I just messaged him concerning an 4x4x4 eastsheen that's missing. He better not ignore me, they're like 18$.

There need to be more shops.


----------



## yurivish (Aug 8, 2008)

shadowpartner said:


> ive tried to get a refund for a broken pyramix he sent.
> 
> he just ignored me.. hate his attitude



I ordered a lot of cubes and A cores. I received the wrong cubes and NO cores. I've tried contacting him many times, fruitlessly. I think he just ignores people with problems with his service.


----------



## xtenglong (Aug 8, 2008)

I just realized that i got the same thing T_T... From the looks of it, messaging him won't do anything.
What am i going to do? Is the first DIY cube i've ever ordered going to just suck butt? I don't think i have the money anymore to order another cube =\


----------



## Henxu (Aug 8, 2008)

Is there only bad opinions about cube4you?


----------



## Pedro (Aug 8, 2008)

once I got a center cap missing, talked to him on msn, and he said he'll send it when I make another order...


----------



## Crzyazn (Aug 9, 2008)

9spuzzles wins =P


----------



## Swordsman Kirby (Aug 9, 2008)

You guys should know better than to order new type A cubes, I'm not even kidding.


----------



## xtenglong (Aug 10, 2008)

I didn't know... I just started cubing and I was watching pestvic's videos and he said it was good. Now I'm stuck with it. I'm waiting for the stickers to come in from cubesmith and i'll finally be done putting the thing together. Just for future purchases, what do you guys suggest i go buy instead?


----------



## Crzyazn (Aug 10, 2008)

You listened to Pestvic 

He annoys me, and his advice really isn't too revolutionary


----------



## xtenglong (Aug 10, 2008)

T__T, just making me feel worse right now. well if the new type a really isn't that great, i'll just use my store bought cube.


----------



## rubikaz (Aug 10, 2008)

Swordsman Kirby said:


> You guys should know better than to order new type A cubes, I'm not even kidding.



The cube he sent me was different to the cube that appeared in the photo of the web... Now he has changed the photo.


----------



## DcF1337 (Aug 10, 2008)

Erm, the 3rd model isn't as bad as it seems.
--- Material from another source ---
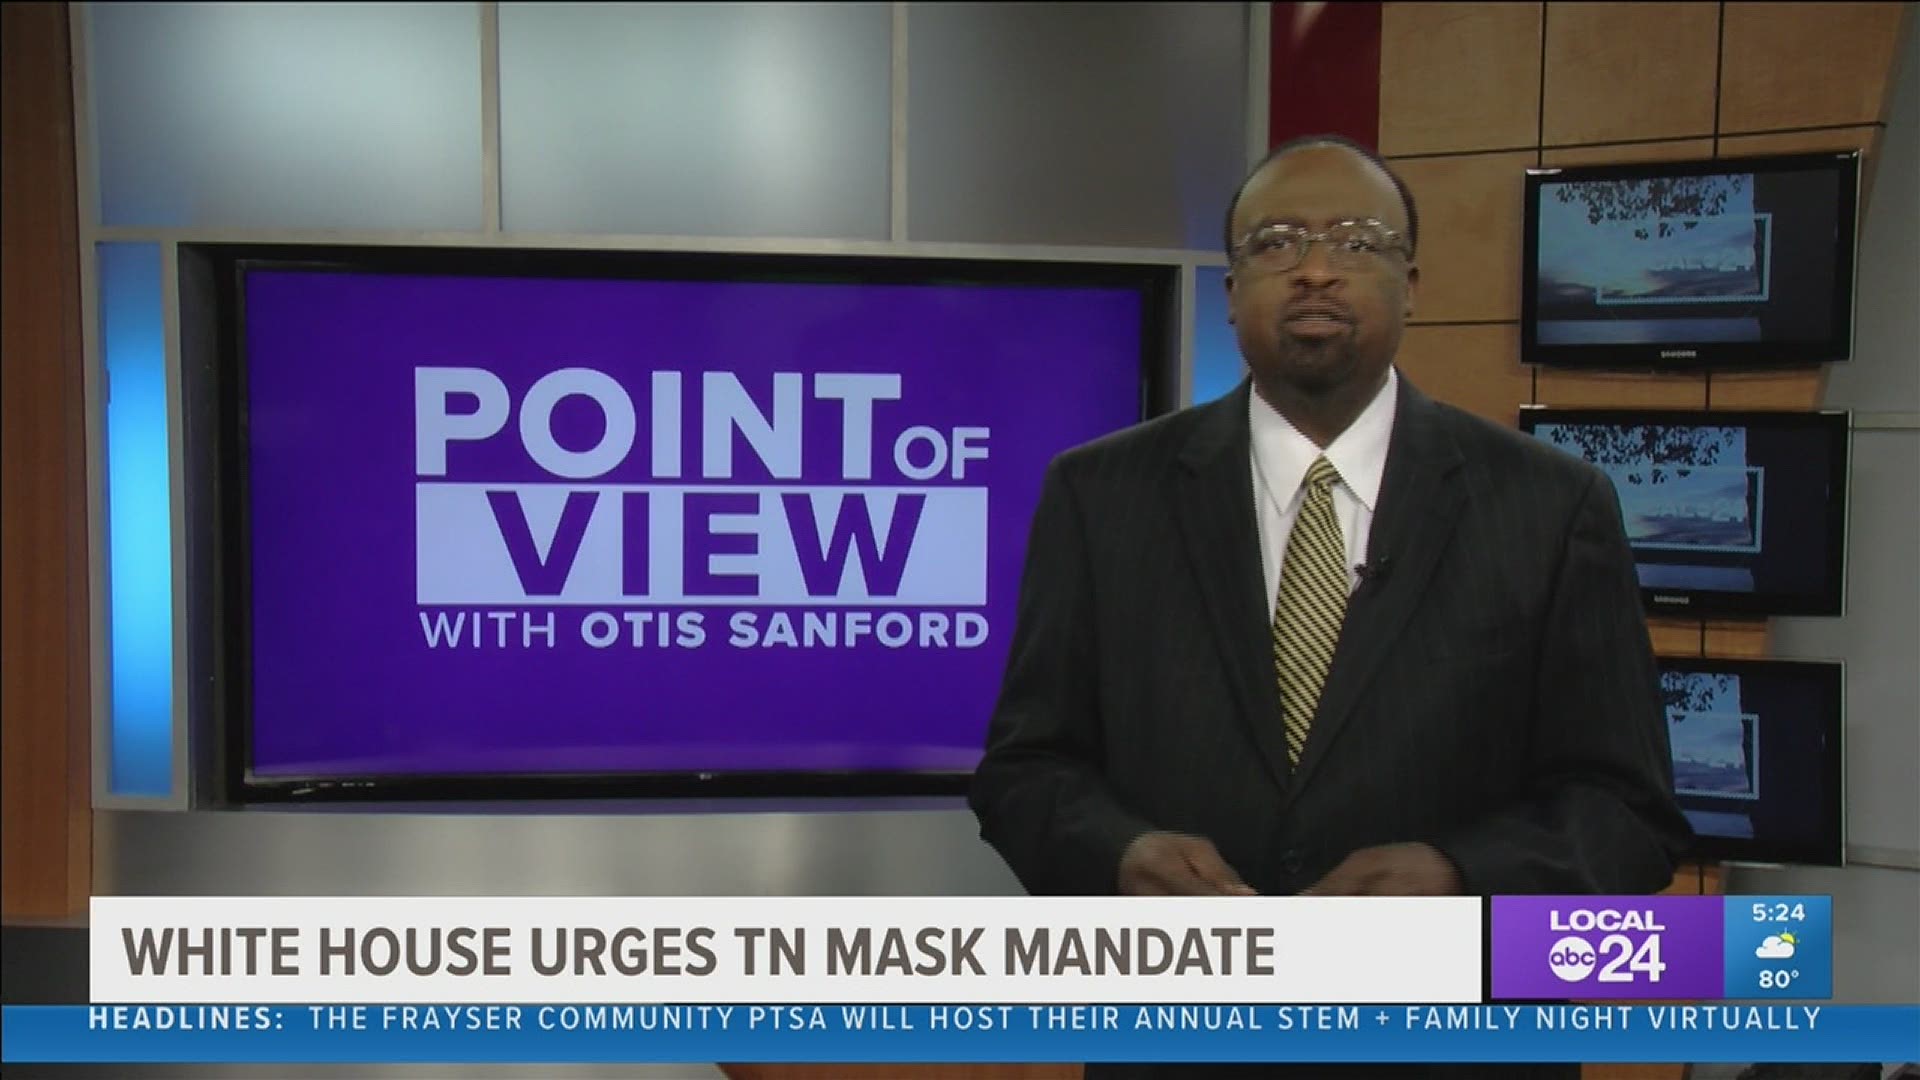 Local 24 News political analyst and commentator Otis Sanford shares his point of view on a statewide mask mandate.

You just need to break it in and sand the tabs a little bit. If it still doesn't work, rip out the tabs altogether.

With the tabs, you can set the cube _really_ loose. Yeah, it locks up more than you'd like, but locking up is better than popping, right?


----------



## Rama (Aug 10, 2008)

DcF1337 said:


> but locking up is better than popping, right?



No.serioulsly no.


----------